Ein fachgerecht montiertes Unterdach erfordert kaum Wartung. Es schützt die Dachkonstruktion vor Feuchtigkeitsschäden und verlängert so die Lebensdauer des gesamten Daches. Qualität und korrekte Ausführung sind daher entscheidend für die Umweltbilanz.
Wiederverwendung und Entsorgung
Am Ende der Nutzungsdauer stellt sich die Frage der Entsorgung. Viele Unterdächer landen derzeit als gemischter Bauabfall in der Verbrennung oder auf Deponien – mit entsprechendem Ressourcenverlust und CO₂-Ausstoß.
Es gibt jedoch erste Ansätze zur Wiederverwertung:
- Kunststoffunterdächer können zerkleinert und als Rohstoff für neue Produkte genutzt werden.
- Bitumenhaltige Unterdächer lassen sich im Straßenbau wiederverwenden.
- Hersteller experimentieren mit biobasierten Alternativen, etwa Unterdächern aus Hanf-, Flachs- oder Zellulosefasern, die kompostierbar oder leichter recycelbar sind.
Um Recycling zu fördern, sind eine bessere Trennung auf Baustellen und eine eindeutige Materialkennzeichnung wichtig, damit Unterdächer bei der Sanierung oder dem Rückbau identifiziert werden können.
Auf dem Weg zu nachhaltigeren Unterdächern
Die deutsche Bauwirtschaft bewegt sich zunehmend in Richtung Kreislaufwirtschaft – und das Unterdach bildet dabei keine Ausnahme. Zukünftige Produkte werden stärker auf Wiederverwertbarkeit, geringeren CO₂-Ausstoß und den Einsatz nachwachsender Rohstoffe ausgelegt sein.

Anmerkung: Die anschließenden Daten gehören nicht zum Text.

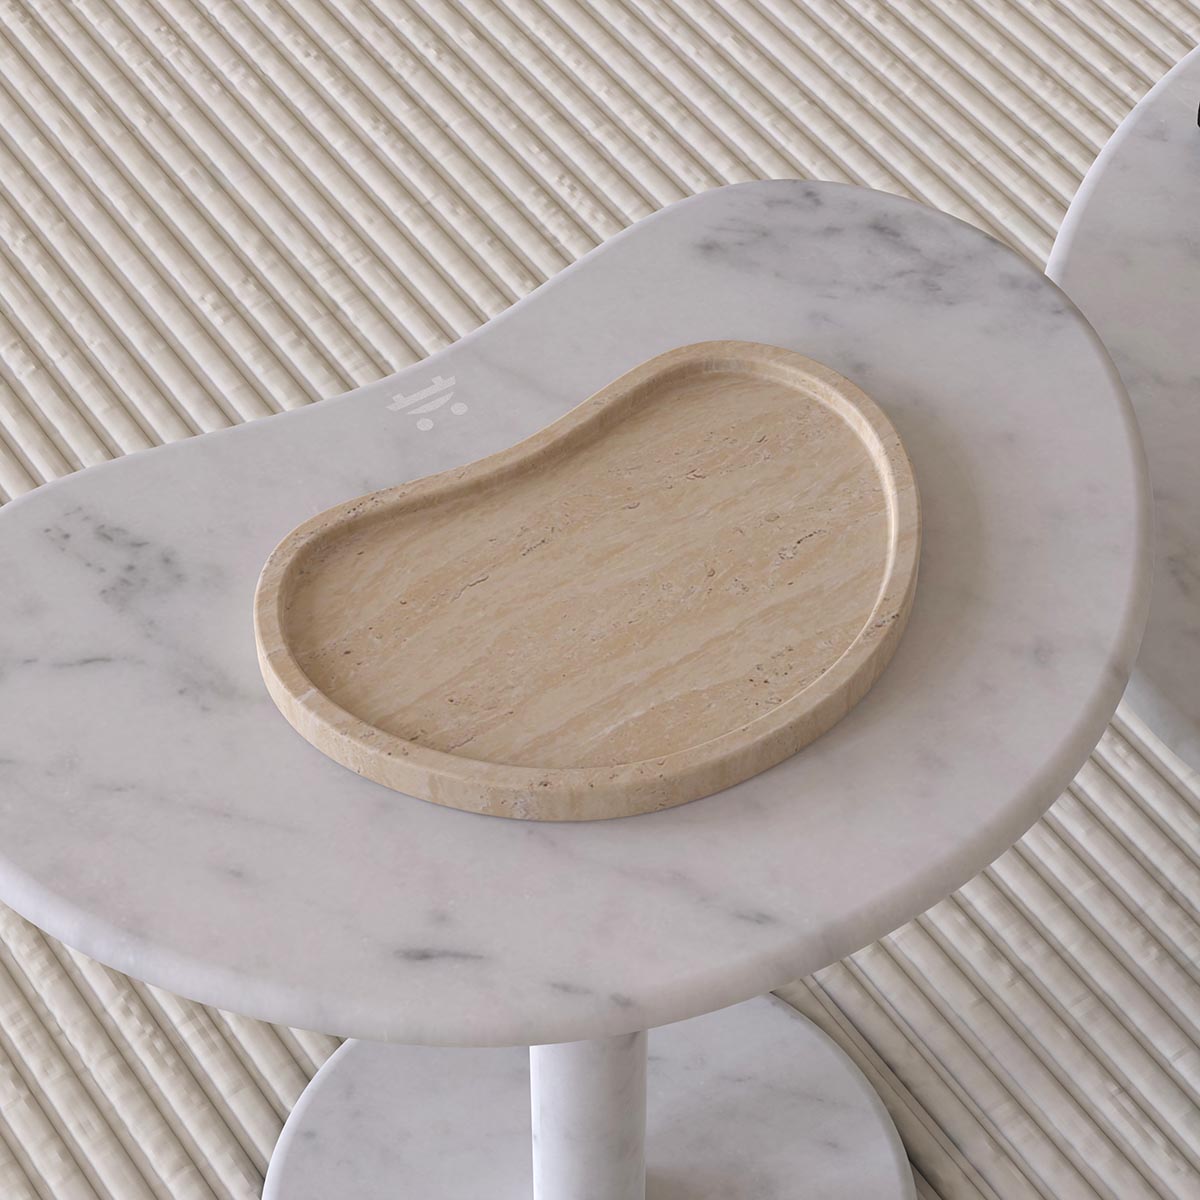 OIXDESIGN PeaPod Decorative Tray, Italian Classico Travertine, Back View
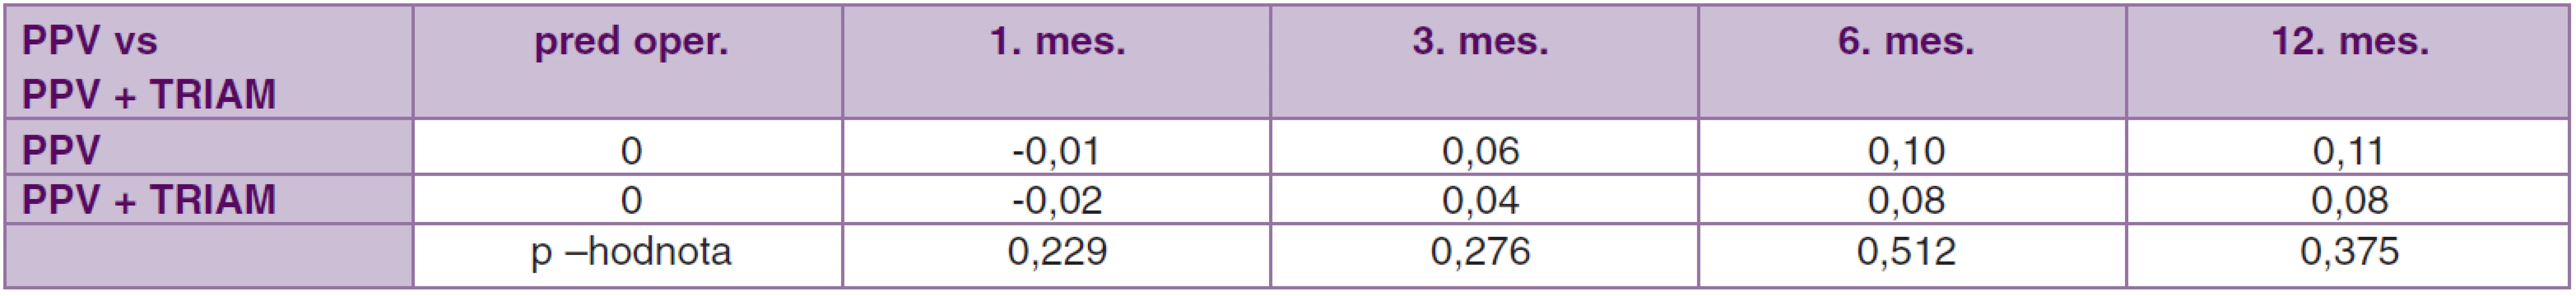 Porovnanie súbor PPV vs. PPV + TRIAM. Priemerné hodnoty zmeny centrálnej ostrosti zraku pred operáciou až 12. mesiac

Bauherren und Eigentümer können ihren Beitrag leisten, indem sie:
- Produkte mit Umweltproduktdeklaration (EPD) wählen,
- Hersteller bevorzugen, die recycelte oder biobasierte Materialien einsetzen,
- und auf eine fachgerechte Montage achten, um die Lebensdauer zu maximieren.
Das Unterdach mag unscheinbar sein, doch es spielt eine zentrale Rolle – sowohl für die Haltbarkeit des Gebäudes als auch für die Umwelt. Wer Nachhaltigkeit von der Herstellung bis zur Entsorgung mitdenkt, kann einen echten Unterschied machen.